### WORK INSTRUCTION
Skip the pictures. Give all the data again exactly.

### COLLECTED MATERIAL
____________________
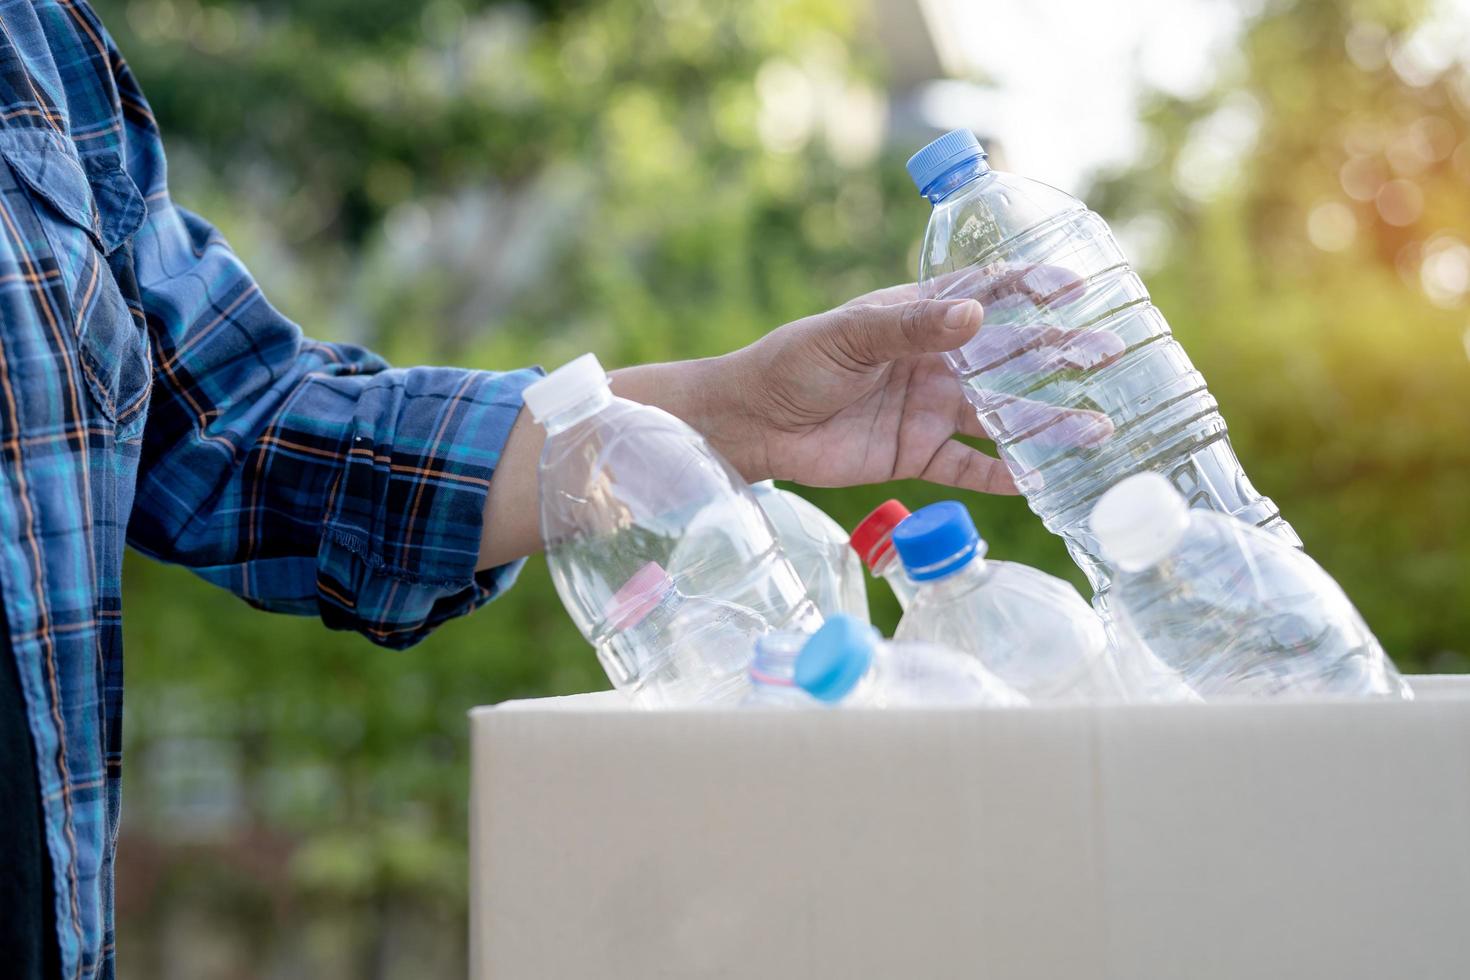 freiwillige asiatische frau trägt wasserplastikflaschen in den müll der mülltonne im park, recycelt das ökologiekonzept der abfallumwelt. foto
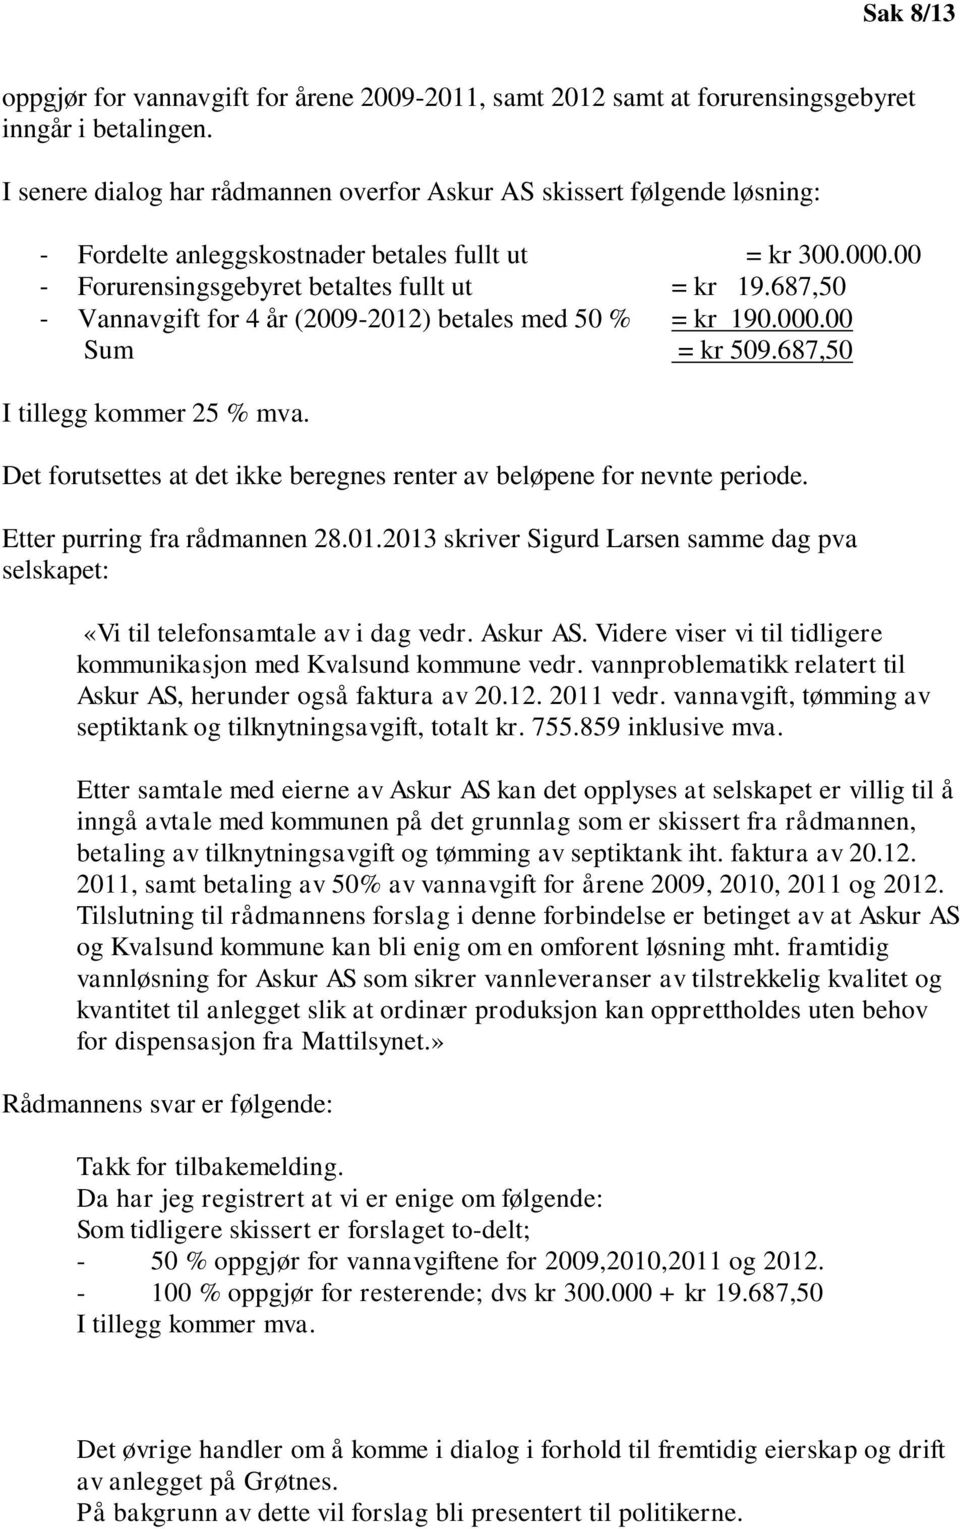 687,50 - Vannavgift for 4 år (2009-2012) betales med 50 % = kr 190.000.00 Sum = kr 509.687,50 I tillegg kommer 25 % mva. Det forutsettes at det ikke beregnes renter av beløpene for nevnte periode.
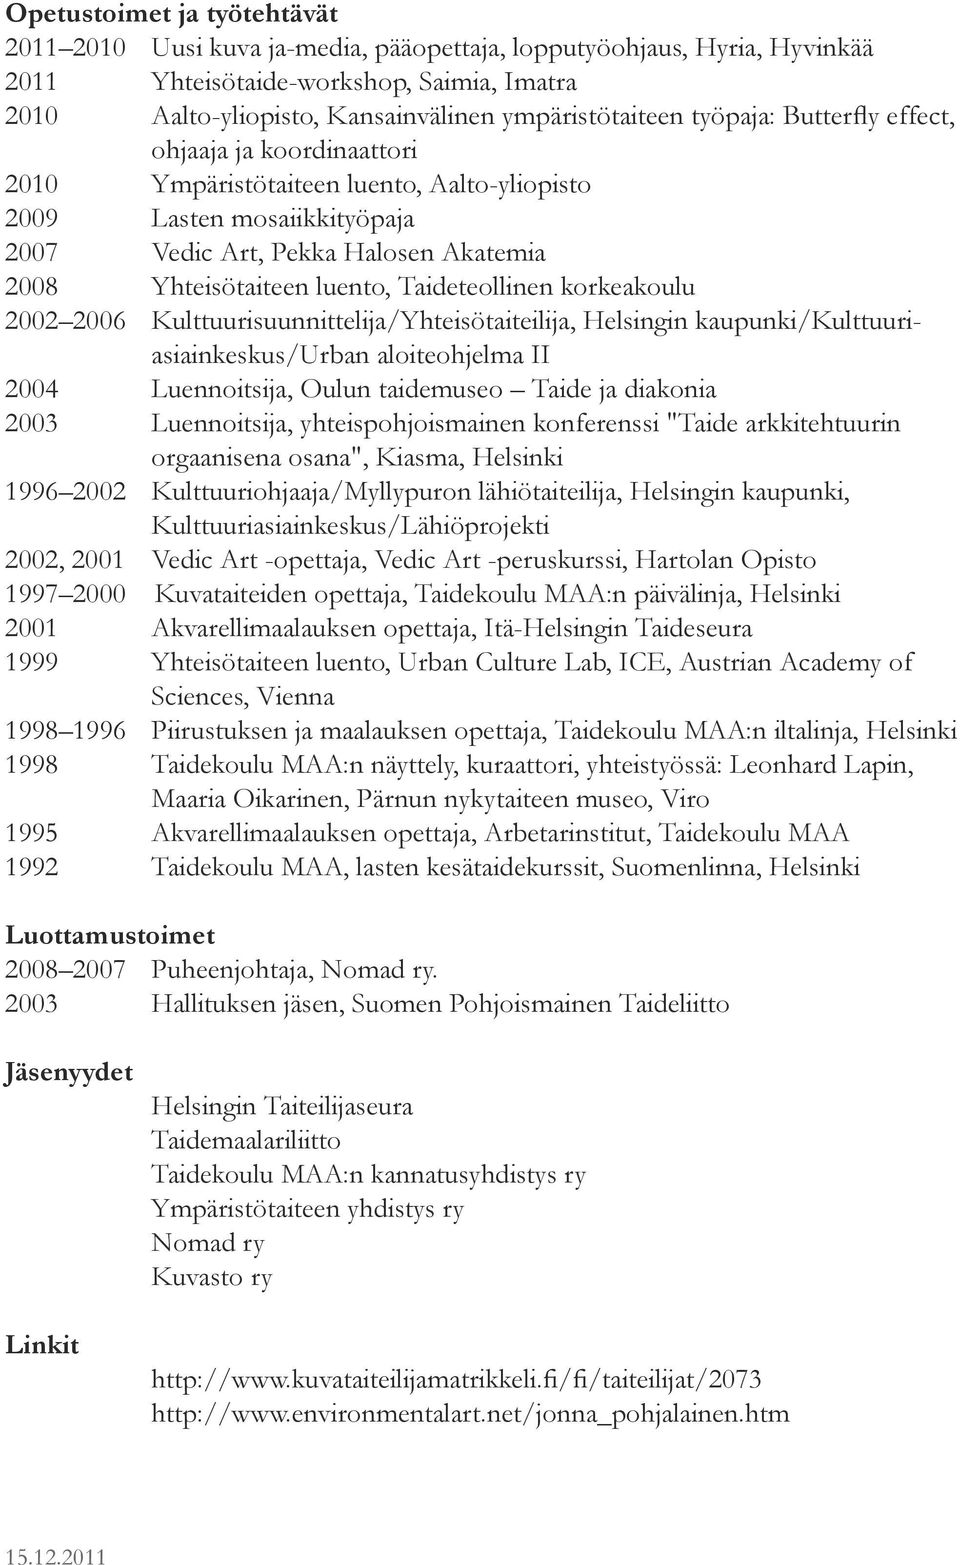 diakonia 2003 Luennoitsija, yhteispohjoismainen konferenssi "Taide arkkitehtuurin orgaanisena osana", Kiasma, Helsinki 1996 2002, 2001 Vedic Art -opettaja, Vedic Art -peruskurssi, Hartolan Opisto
____________________
### RESPONSE TO THIS EXERCISE
 freiwillige asiatische frau trägt wasserplastikflaschen in den müll der mülltonne im park, recycelt das ökologiekonzept der abfallumwelt. foto
 687,50 - Vannavgift for 4 år (2009-2012) betales med 50 % = kr 190.000.00 Sum = kr 509.687,50 I tillegg kommer 25 % mva. Det forutsettes at det ikke beregnes renter av beløpene for nevnte periode.
 diakonia 2003 Luennoitsija, yhteispohjoismainen konferenssi "Taide arkkitehtuurin orgaanisena osana", Kiasma, Helsinki 1996 2002, 2001 Vedic Art -opettaja, Vedic Art -peruskurssi, Hartolan Opisto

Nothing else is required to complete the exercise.